The differential metabolites between producers and non-producers were determined by a Mann Whitney test (adjusted p-values with Benjamini-Hochberg method) with a level of significance of 0.05 (bars with black outline) and used as input for a metabolic pathway enrichment with FELLA algorithm. The colors indicate the mapped metabolite pathway for each metabolite.

Figure 3—figure supplement 4
Volcano plot of metabolomics data between wildtype (WT) Pseudomonas aeruginosa PA14 strain and its ΔrhlA mutant grown in glycerol minimal medium (replotted with permission from Bayram et al., 2016).

A positive log2 fold change indicates a metabolite enriched in the mutant compared to theWT. The dots in red represent metabolites significantly enriched in the mutant, the dots in blue represent metabolites significantly reduced in the mutant.

Figure 4 with 1 supplement
Computer simulations using flux-balance analysis and experiments with H2O2 indicate that the ability to produce surfactants in glycerol media depends on a strain’s ability to reduce oxidative stress.

(A-C) Computer model: the simulations vary the redox balance of Pseudomonas metabolism by altering the fluxes of (A) NADH (reduced nicotinamide adenine dinucleotide), (B) NADPH (reduced nicotinamide adenine dinucleotide phosphate), and (C) GSH (reduced glutathione). The upper panels show the predicted maximum growth rates, and lower panels are predicted maximum byproduct secretion fluxes. C:N indicates the carbon-to-nitrogen influx ratio provided by the culture medium. C:N=3 and C:N=10 represent carbon- and nitrogen-limiting conditions, respectively. Abbreviations: HAA: 3-(3-hydroxyalkanoyloxy) alkanoate; monoRL: monorhamnolipid; diRL: dirhamnolipid; aKG: alpha-ketoglutarate. (D–G). Experimental comparison of the ability to remove hydrogen peroxide (H2O2) among strong surfactant producers (+), weak producers (±), and non-producers (−). (D) Population density (OD600). (E) The total amount of hydrogen peroxide removed from the environment. Negative values indicate net cellular production of hydrogen peroxide released to the environment. (F) The specific hydrogen peroxide removal rate.
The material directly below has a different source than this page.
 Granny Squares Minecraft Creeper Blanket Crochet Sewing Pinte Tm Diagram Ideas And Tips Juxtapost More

In both (E) and (F), each trajectory of H2O2 fluorescence intensity was normalized to the averaged trajectory of the wild-type PA14 strain. (G) Effect size of surfactant production as a predictor of H2O2 removal rate per unit of OD600 determined by a linear mixed-effect model shows that producers can reduce oxidative stress better than non-producers.
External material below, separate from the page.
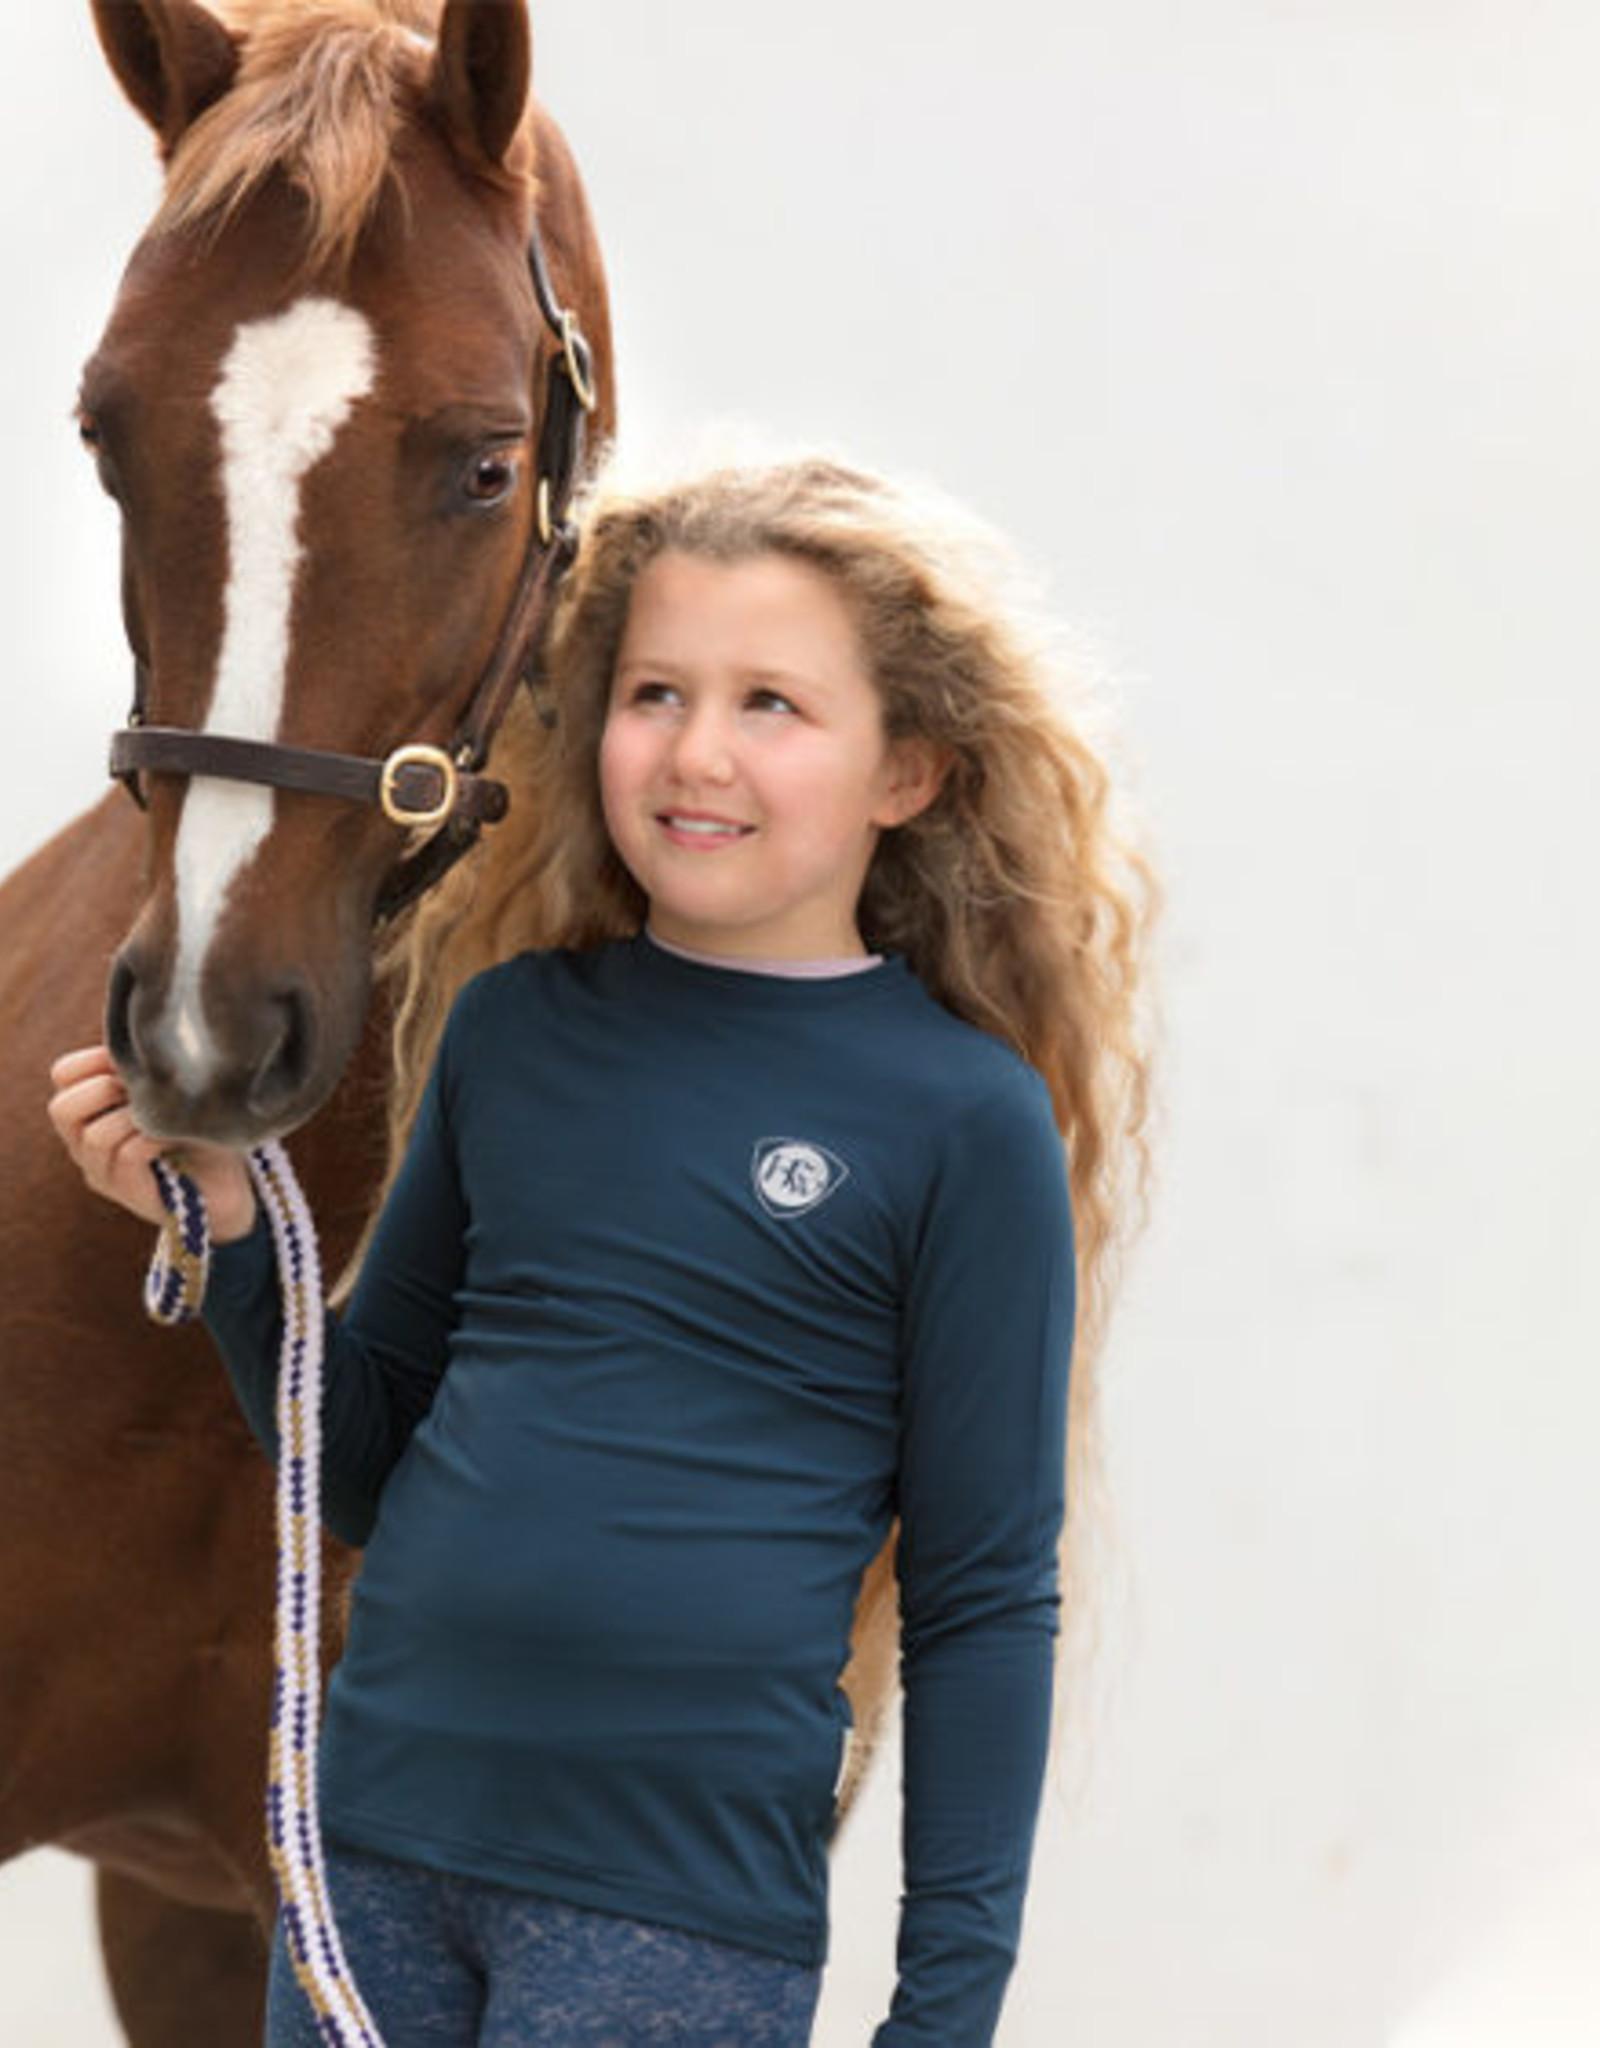 HORSEWARE IRELAND KIDS BASELAYER

Figure 4—figure supplement 1
Theoretical estimation of threshold carbon (glycerol):nitrogen (ammonium) ratio above which carbon is in excess in the sense that carbon release through rhamnolipids and central carbon metabolites does not compromise biomass production.

Abbreviations: HAA: 3-(3-hydroxyalkanoyloxy) alkanoate; monoRL: monorhamnolipid; diRL: dirhamnolipid; aKG: alpha-ketoglutarate.
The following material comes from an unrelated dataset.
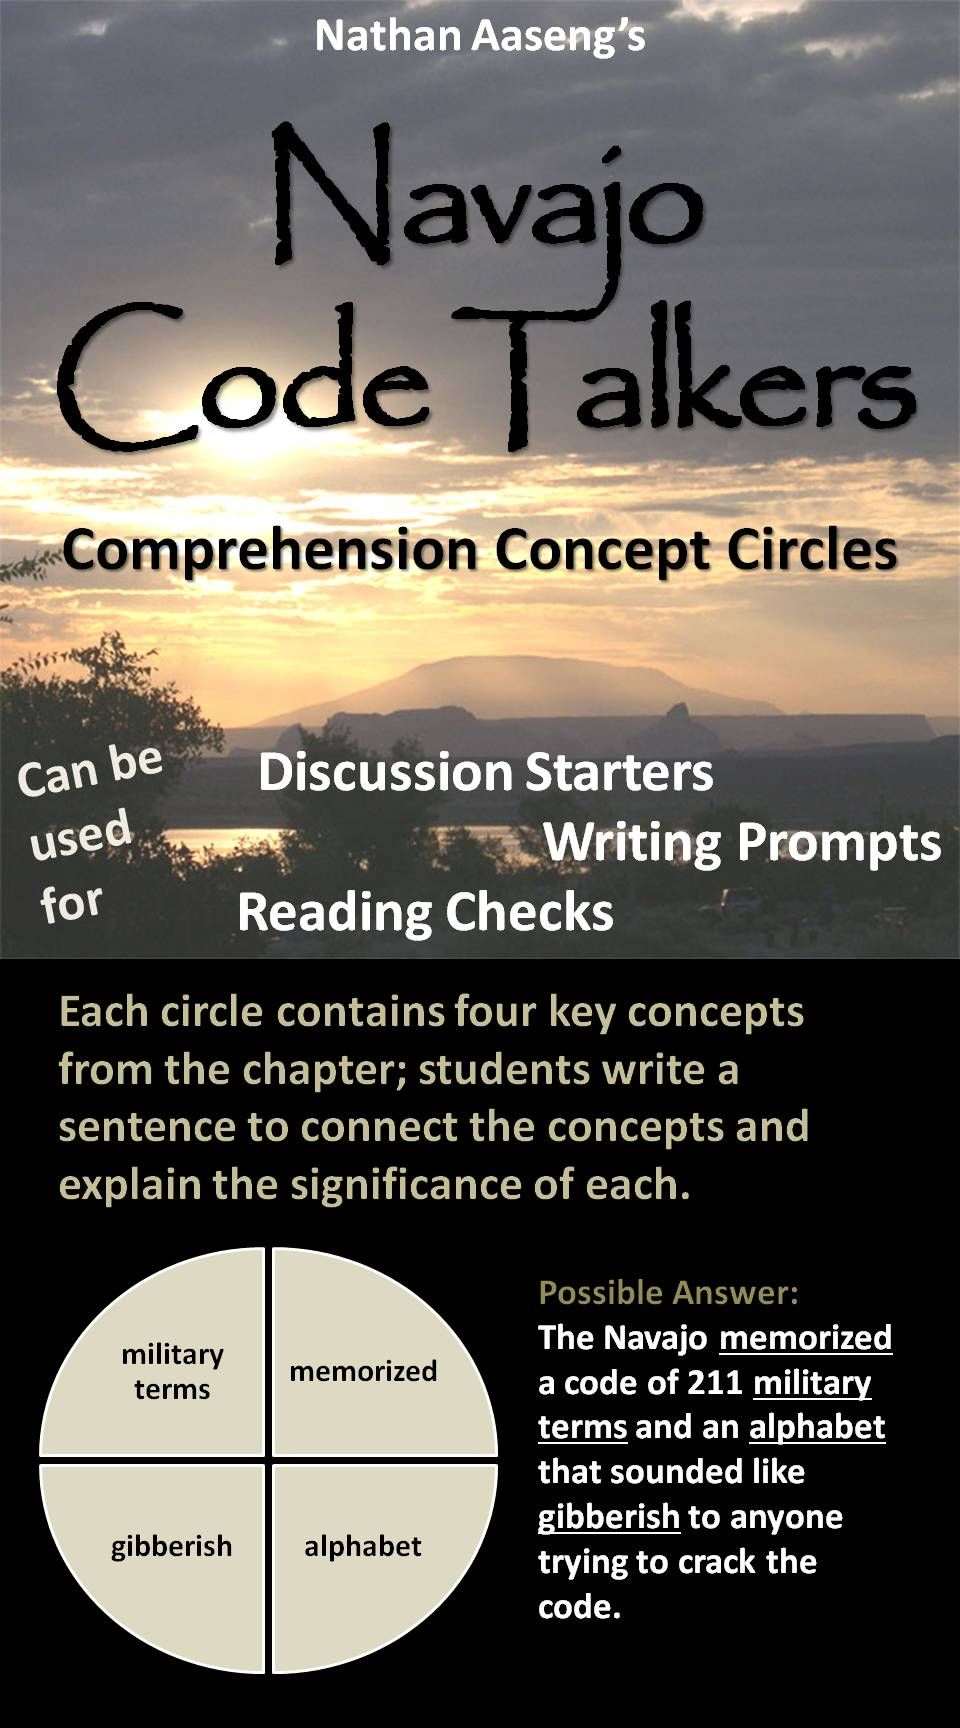 Activity to accompany Nathan Aaseng's Navajo Code Talkers.

Figure 5 with 2 supplements
Transcriptomic data, analyzed using the RLQ analysis, reveals genes and metabolic pathways with expression associated with the ability to produce surfactants in glycerol minimal media.

(A) RLQ provides a way to analyze simultaneously associations from three tables. The results reveal not only the genes (B) but also the pathways (C) whose expression is associated with the rhamnolipid phenotype. The insets in both (B) and (C) represent the surfactant secretion phenotype (assessed in glycerol) in the two principal RLQ axes. Genes and pathways align with the direction of each phenotypic category: in panel (C), the top five pathways (‘pau’ are KEGG pathway IDs) associated with each phenotype are highlighted in black. The five-digit number in panel (C) represents the PA14 locus ID.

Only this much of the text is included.